■ Exercise: Repeat the lines from the line with "young girl kissing" to the line with "Activated Carbon Filter" in the listing below, keeping both end lines and adding nothing.

■ Provided records:
-------

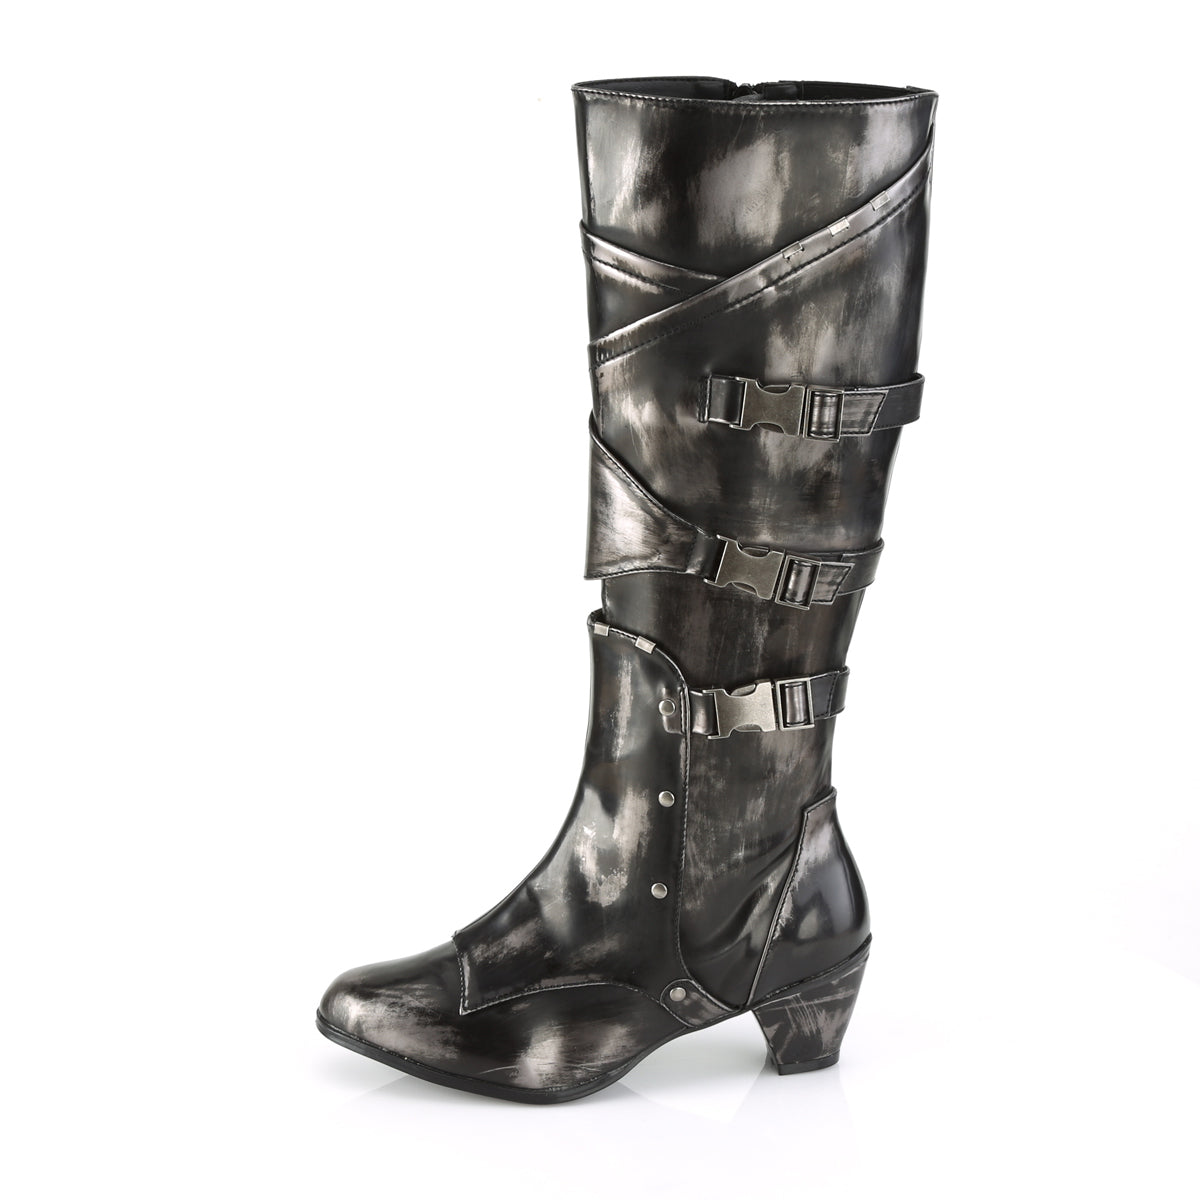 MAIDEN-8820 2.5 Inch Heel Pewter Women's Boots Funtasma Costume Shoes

-------

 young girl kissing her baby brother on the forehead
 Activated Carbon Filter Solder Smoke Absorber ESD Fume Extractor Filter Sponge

-------

■ Response for this exercise:
 young girl kissing her baby brother on the forehead
 Activated Carbon Filter Solder Smoke Absorber ESD Fume Extractor Filter Sponge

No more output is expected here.